* **Task directions**
Look below for the line containing "The 30 Best Modern Bathroom Vanities of 2019" and the line containing "Mark of the"; repeat exactly those two lines and all lines between them, and nothing else.

* **Available data**
┄┄┄┄┄┄┄┄┄┄

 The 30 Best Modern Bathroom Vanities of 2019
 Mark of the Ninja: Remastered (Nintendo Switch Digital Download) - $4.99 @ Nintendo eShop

┄┄┄┄┄┄┄┄┄┄

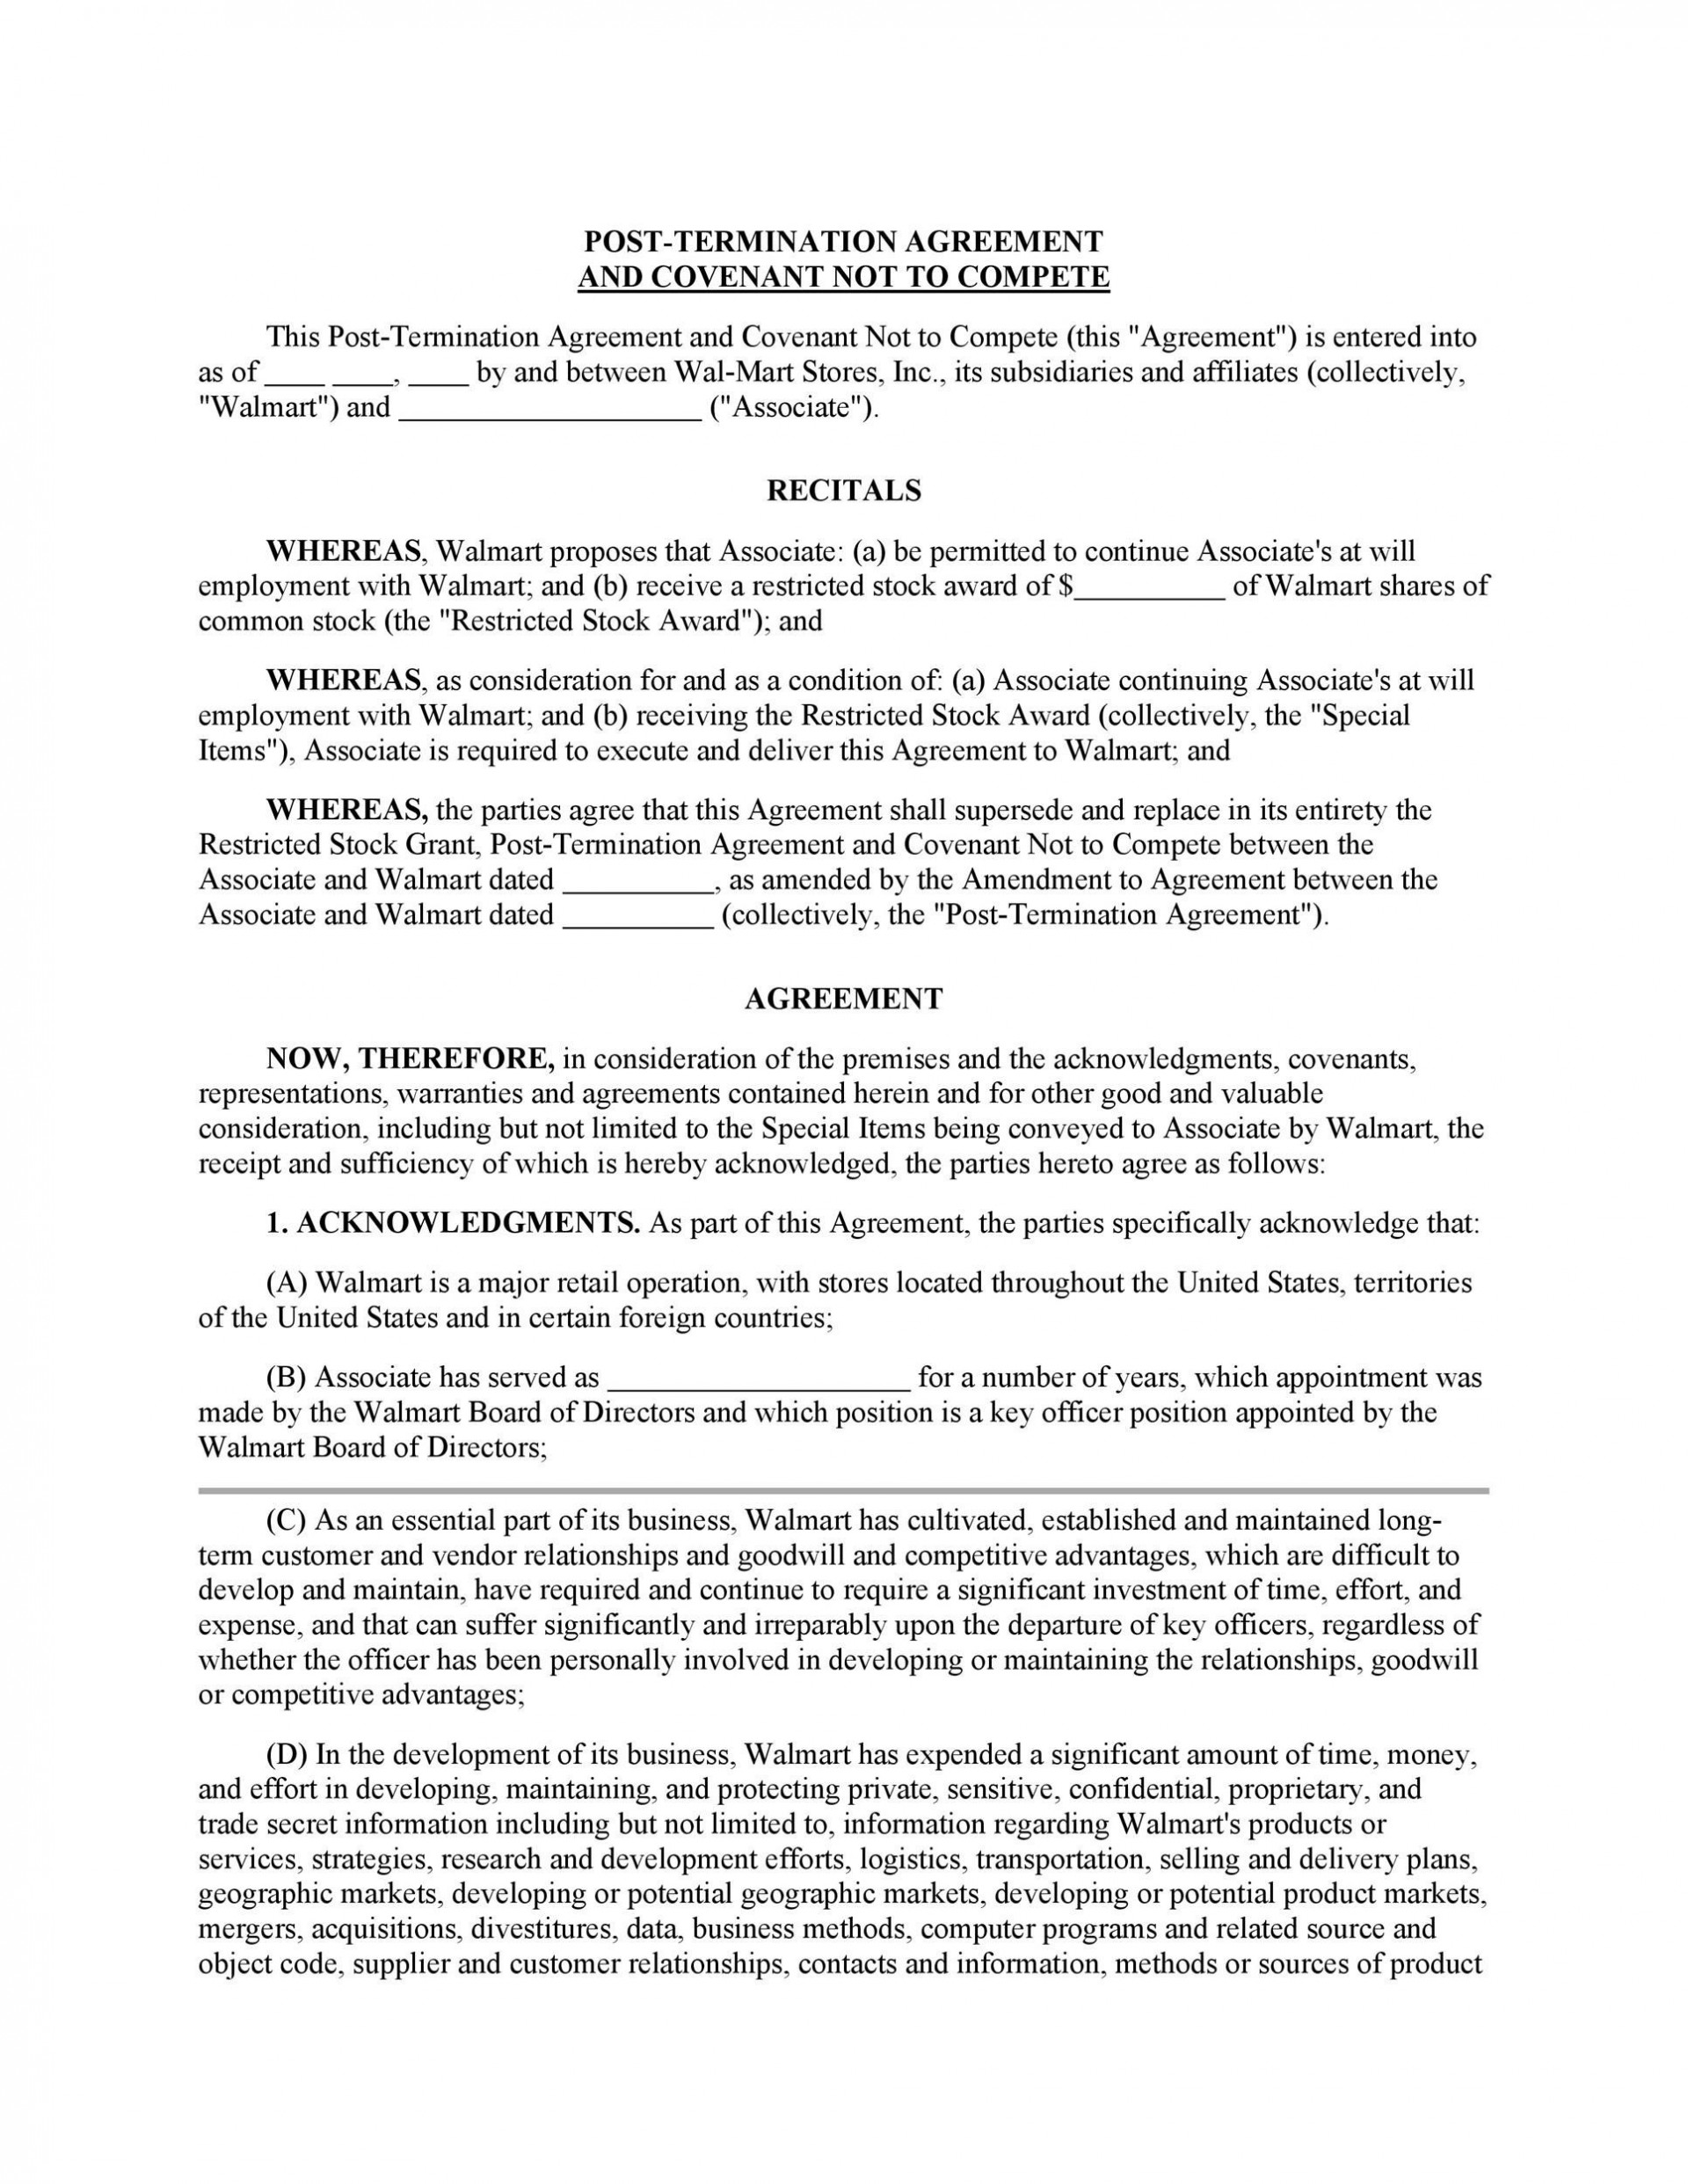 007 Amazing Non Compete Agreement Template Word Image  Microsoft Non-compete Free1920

┄┄┄┄┄┄┄┄┄┄

* **Answer to the exercise**
 The 30 Best Modern Bathroom Vanities of 2019
 Mark of the Ninja: Remastered (Nintendo Switch Digital Download) - $4.99 @ Nintendo eShop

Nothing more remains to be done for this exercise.